19. A method comprising causing, at least in part, actions that result in: determining Position Reference Signal, PRS, configuration information, comprising information for enabling a network element of a Radio Access Network, RAN, to determine a structure of a PRS; and sending the PRS configuration information to the network element of the RAN, wherein the PRS comprises, in a frequency domain, a plurality of PRS signal component portions that are to be sent, in a first time interval, at a respective plurality of frequency subranges that are distributed over a frequency range, wherein the frequency range of the PRS is divided into a plurality of regions, and wherein the structure of the PRS is configured such that: each PRS signal component portion is positioned, in the frequency domain, within one of the plurality of regions, and wherein the relative position of each PRS signal component portion within its respective region is different.

20. Computer program instructions for causing an apparatus to perform: determining Position Reference Signal, PRS, configuration information, comprising information for enabling a network element of a Radio Access Network, RAN, to determine a structure of a PRS; and sending the PRS configuration information to the network element of the RAN, wherein the PRS comprises, in a frequency domain, a plurality of PRS signal component portions that are to be sent, in a first time interval, at a respective plurality of frequency subranges that are distributed over a frequency range, wherein the frequency range of the PRS is divided into a plurality of regions, and wherein the structure of the PRS is configured such that: each PRS signal component portion is positioned, in the frequency domain, within one of the plurality of regions, and wherein the relative position of each PRS signal component portion within its respective region is different.

21 . A method comprising causing, at least in part, actions that result in: receiving, at an apparatus, Position Reference Signal, PRS, configuration information, comprising information for enabling the apparatus to determine a structure of a PRS; generating, based at least in part on the PRS configuration information, the PRS; and sending the PRS; wherein the PRS comprises, in a frequency domain, a plurality of PRS signal component portions that are to be sent, in a first time interval, at a respective plurality of frequency subranges that are distributed over a frequency range, wherein the frequency range of the PRS is divided into a plurality of regions, and wherein the structure of the PRS is configured such that: each PRS signal component portion is positioned, in the frequency domain, within one of the plurality of regions, and wherein the relative position of each PRS signal component portion within its respective region is different.

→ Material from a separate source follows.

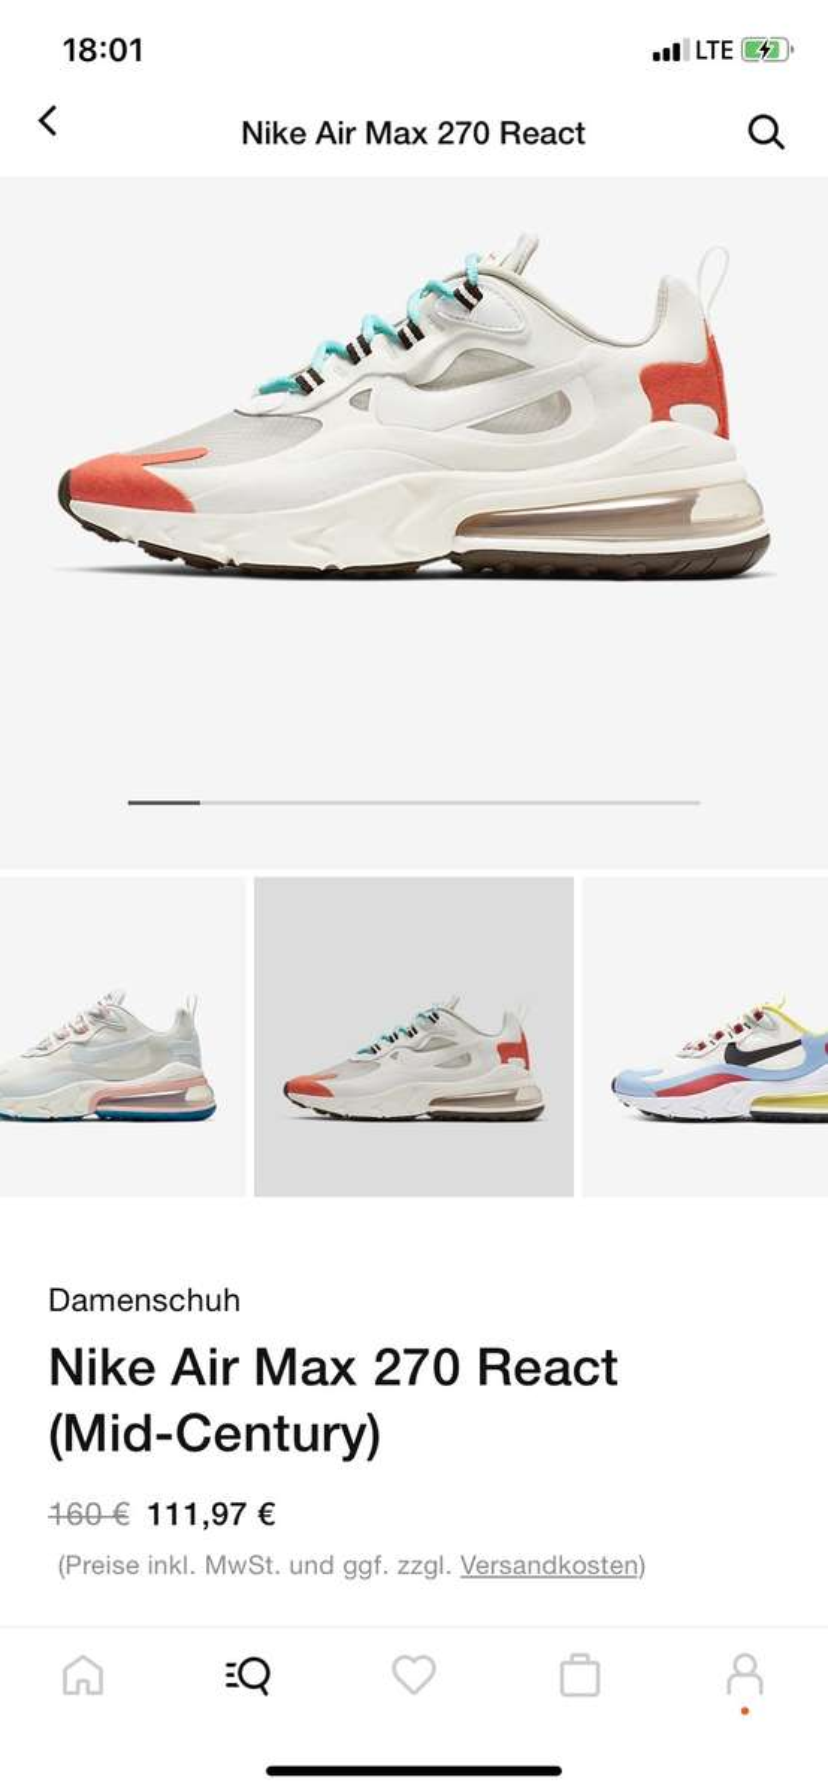 React 270 Nike Nike Air Max qVpSMzU
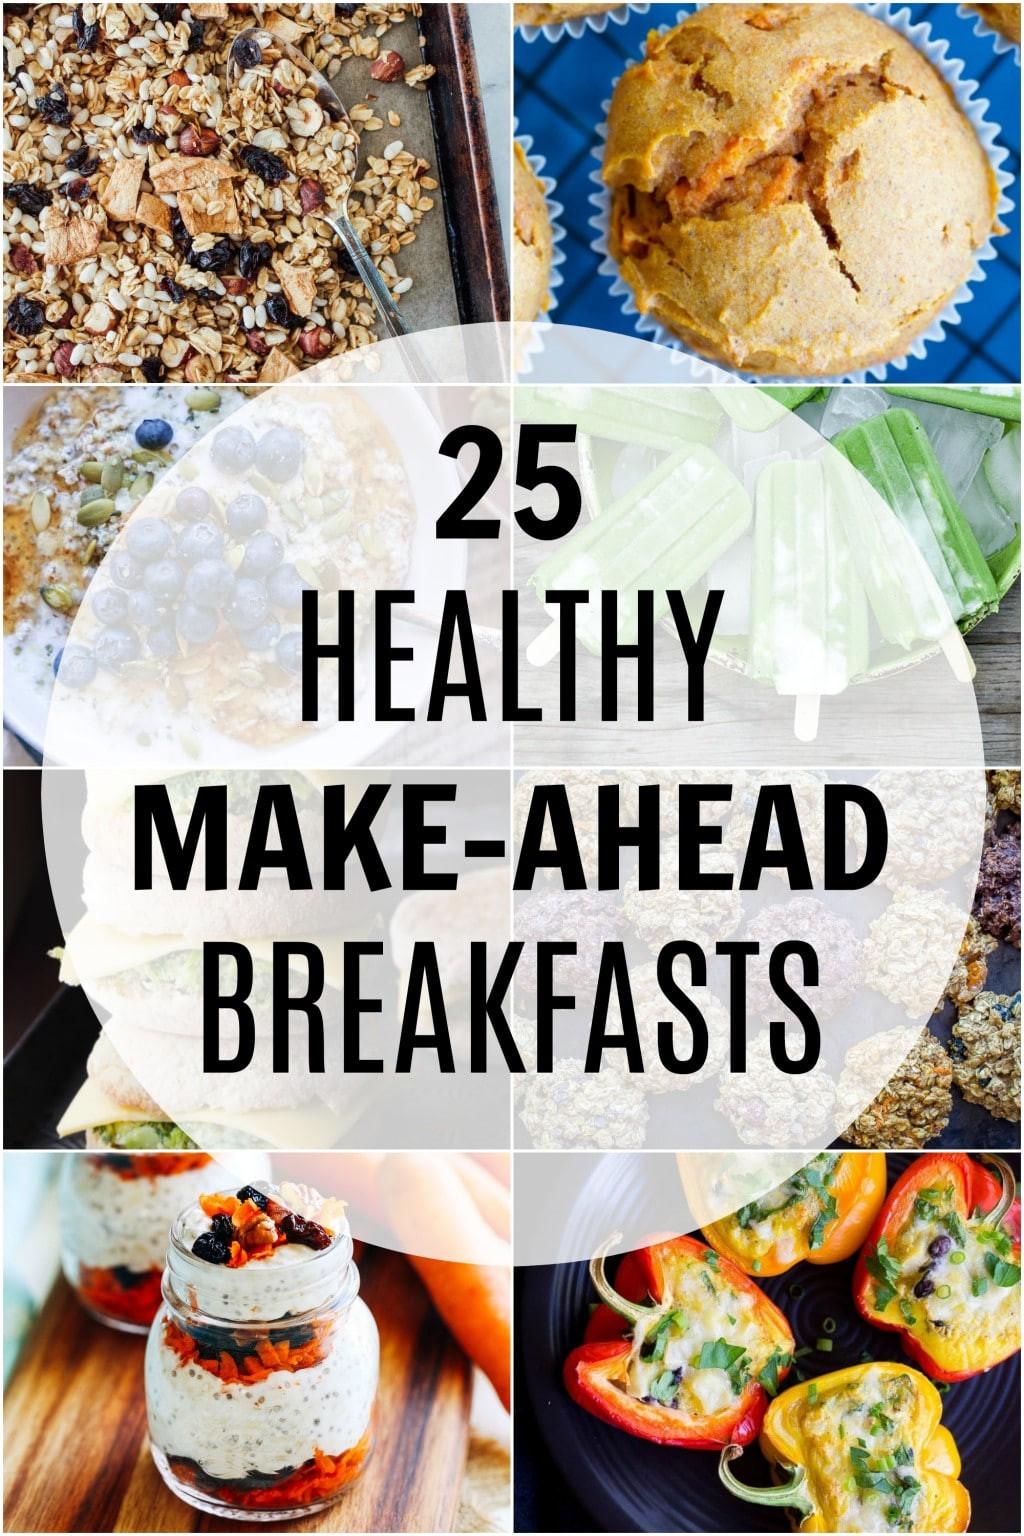 Healthy Make Ahead Breakfast  25 Healthy Make Ahead Breakfast Recipes She Likes Food

22. Computer program instructions for causing an apparatus to perform: 41 receiving Position Reference Signal, PRS, configuration information, comprising information for enabling the apparatus to determine a structure of a PRS; generating, based at least in part on the PRS configuration information, the PRS; and sending the PRS; wherein the PRS comprises, in a frequency domain, a plurality of PRS signal component portions that are to be sent, in a first time interval, at a respective plurality of frequency subranges that are distributed over a frequency range, wherein the frequency range of the PRS is divided into a plurality of regions, and wherein the structure of the PRS is configured such that: each PRS signal component portion is positioned, in the frequency domain, within one of the plurality of regions, and wherein the relative position of each PRS signal component portion within its respective region is different.